-- Provided data --
+-------+

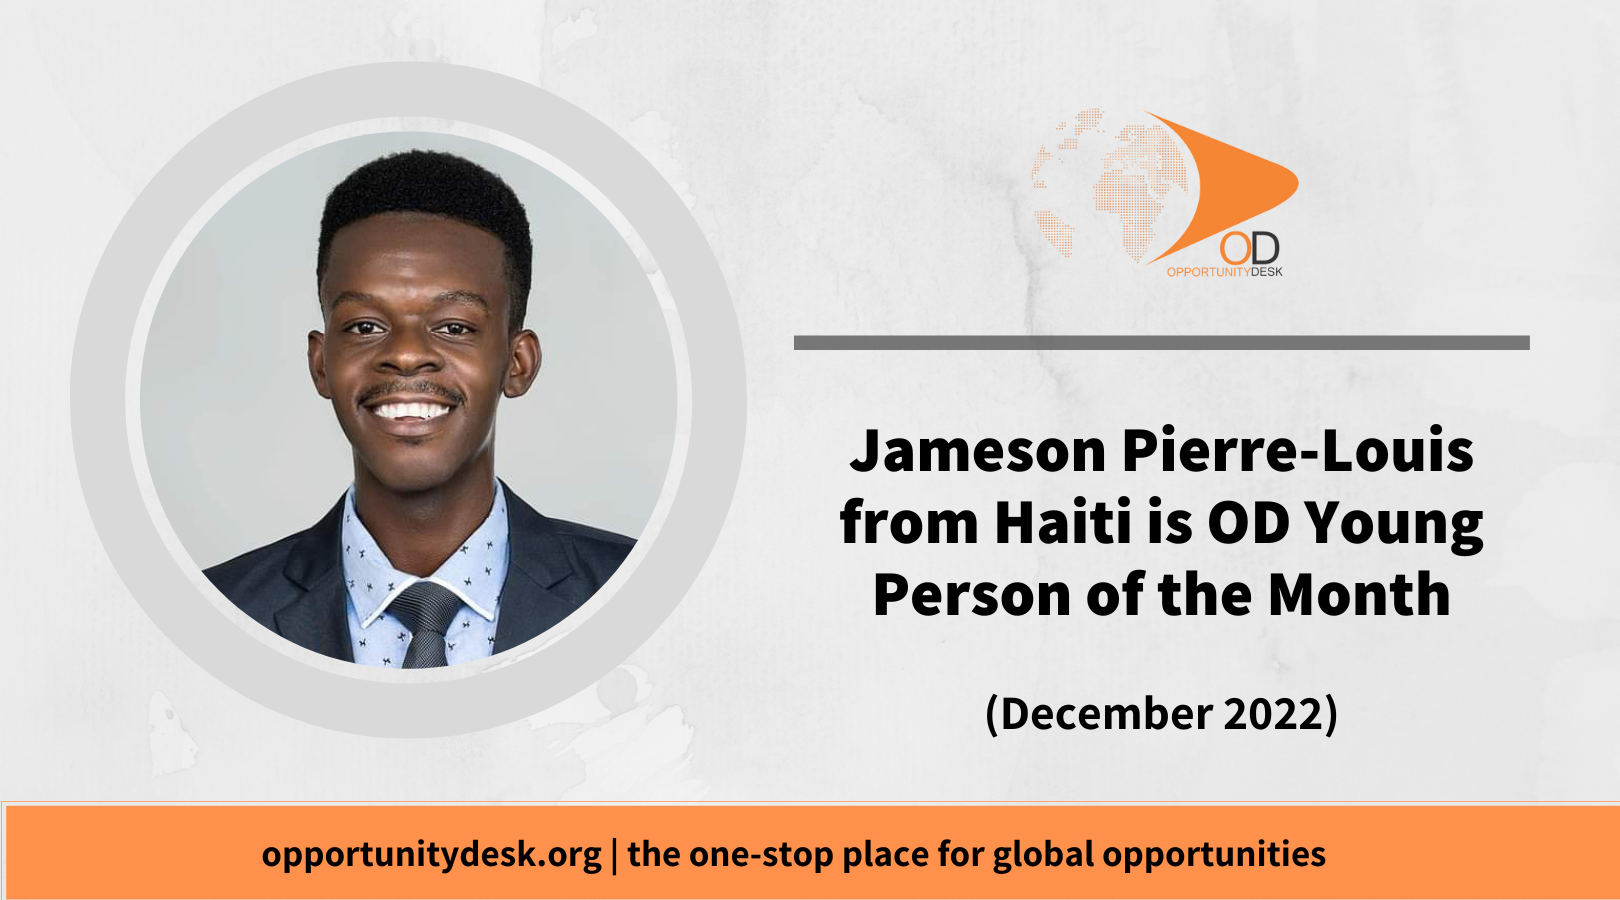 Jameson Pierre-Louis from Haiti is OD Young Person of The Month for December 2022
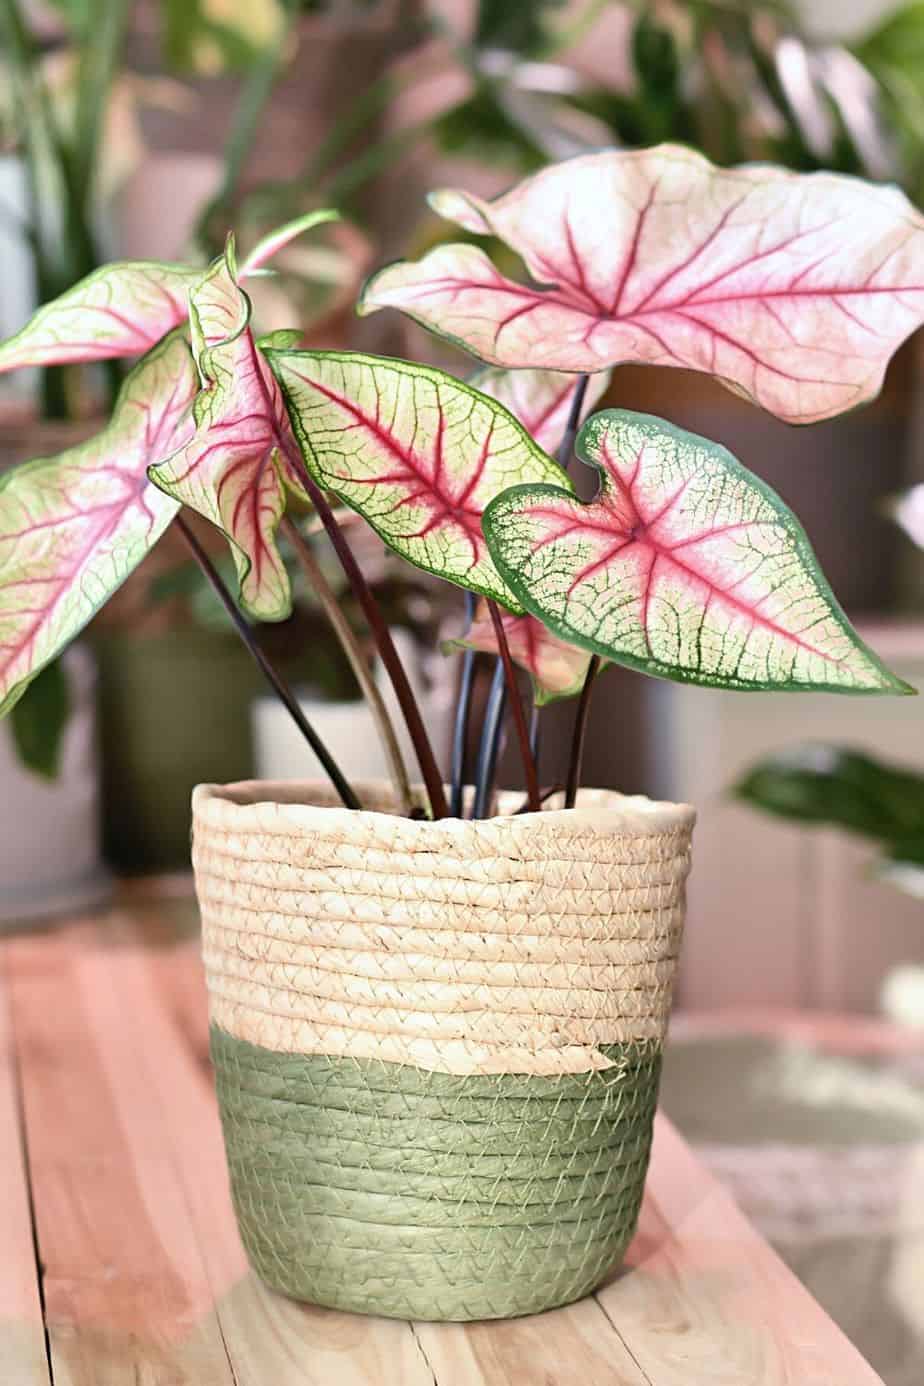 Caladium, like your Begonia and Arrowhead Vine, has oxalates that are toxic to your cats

+-------+

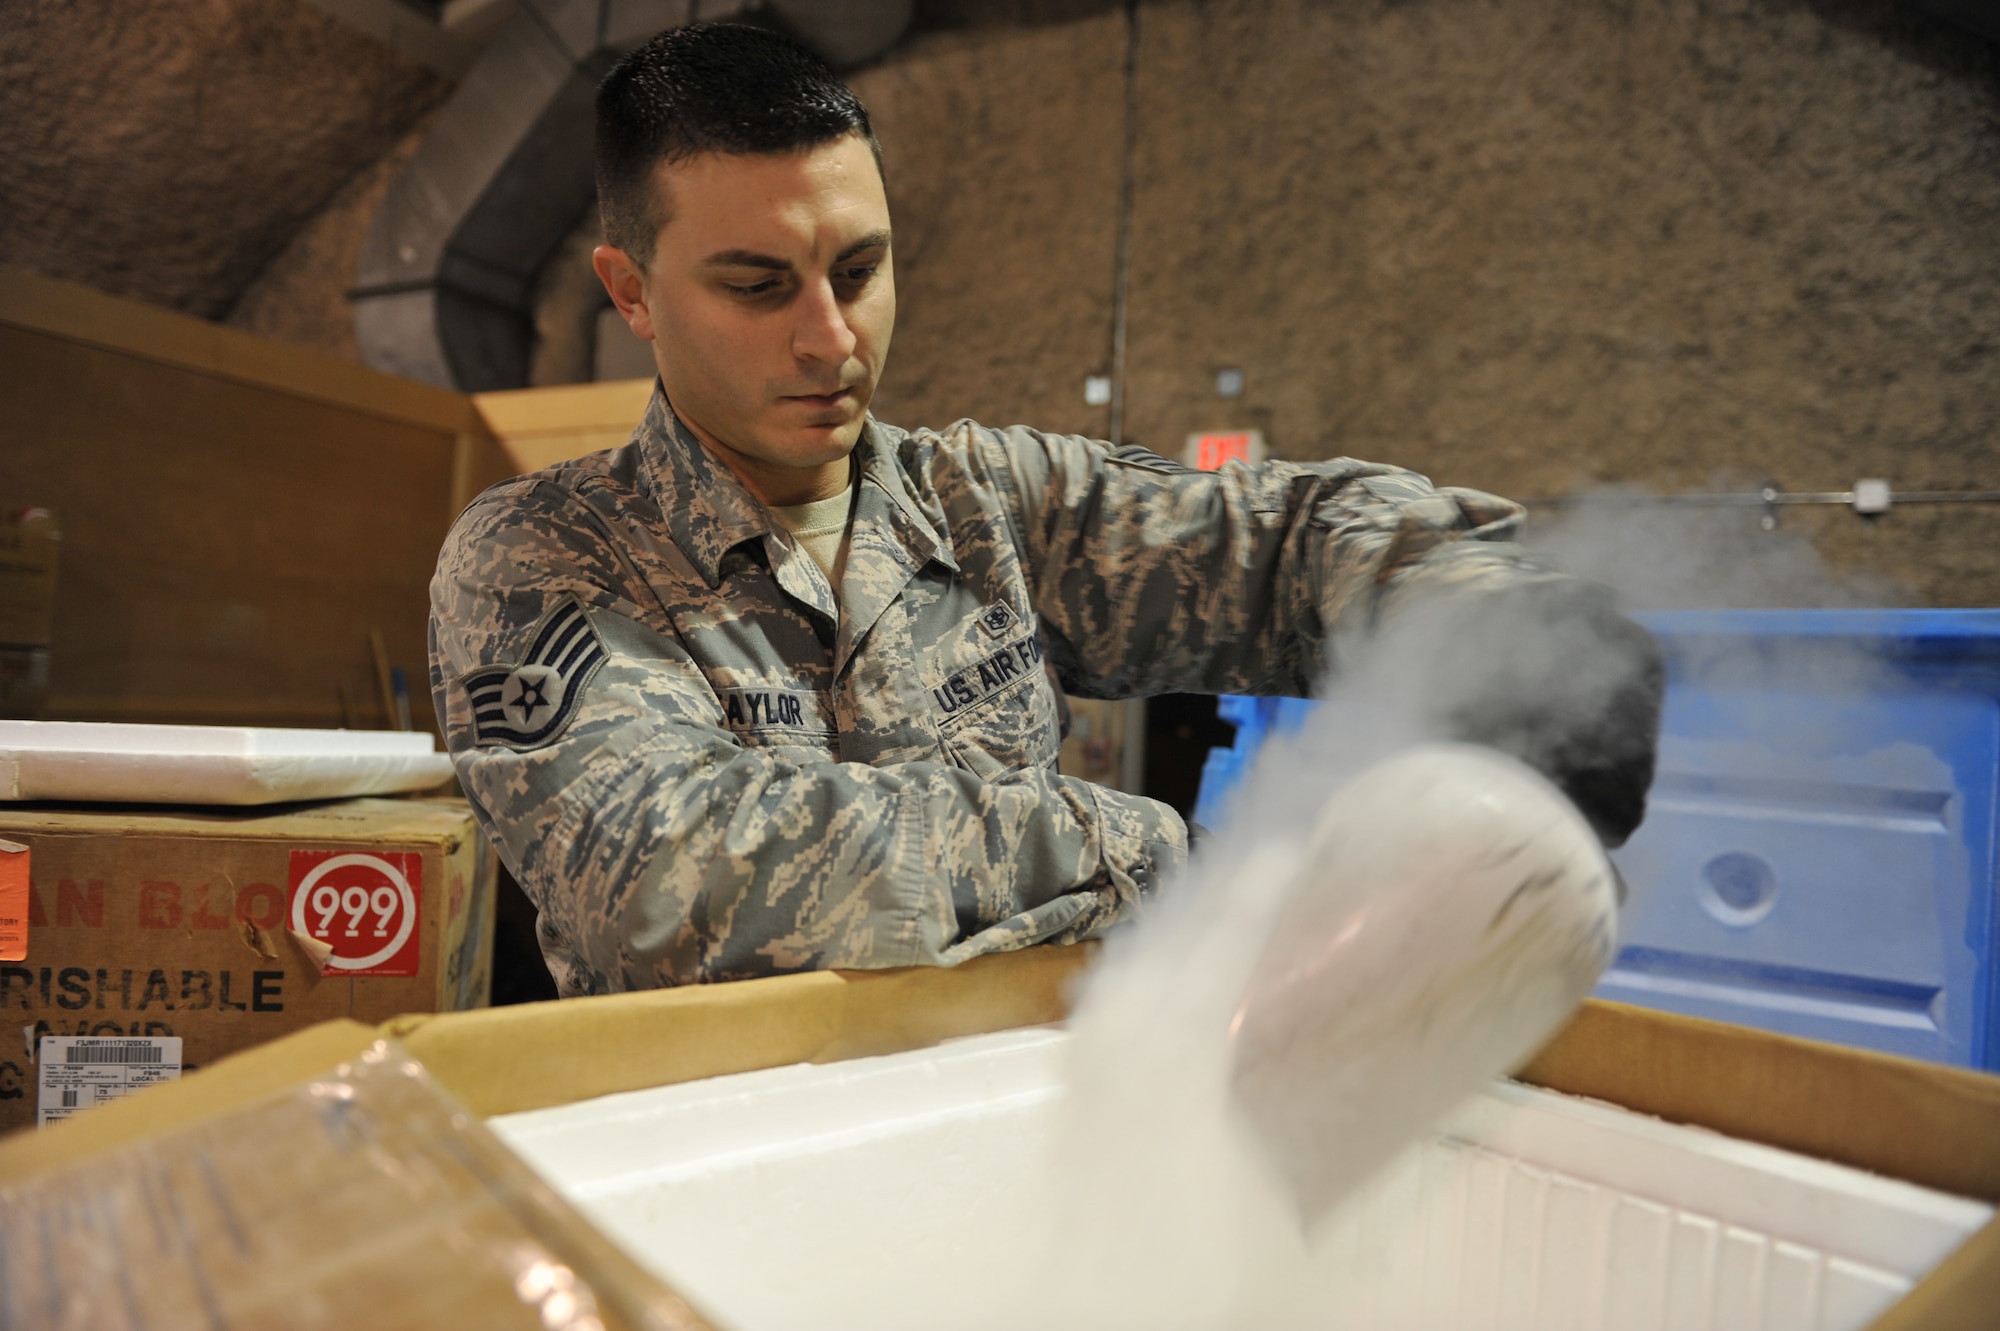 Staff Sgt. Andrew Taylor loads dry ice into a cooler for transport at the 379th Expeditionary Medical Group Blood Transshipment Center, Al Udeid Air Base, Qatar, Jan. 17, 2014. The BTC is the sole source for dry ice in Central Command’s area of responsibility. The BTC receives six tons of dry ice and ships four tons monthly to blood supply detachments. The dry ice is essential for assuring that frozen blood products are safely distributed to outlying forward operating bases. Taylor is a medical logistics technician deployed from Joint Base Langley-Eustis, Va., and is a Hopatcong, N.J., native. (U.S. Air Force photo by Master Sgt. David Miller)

+-------+

-- Work request --
Starting at the line with "Jameson Pierre-Louis from" and finishing at the line with "Caladium, like your", copy the material above exactly, both lines included. Nothing else goes in, and no pictures.

-- Task solution --
 Jameson Pierre-Louis from Haiti is OD Young Person of The Month for December 2022
 Caladium, like your Begonia and Arrowhead Vine, has oxalates that are toxic to your cats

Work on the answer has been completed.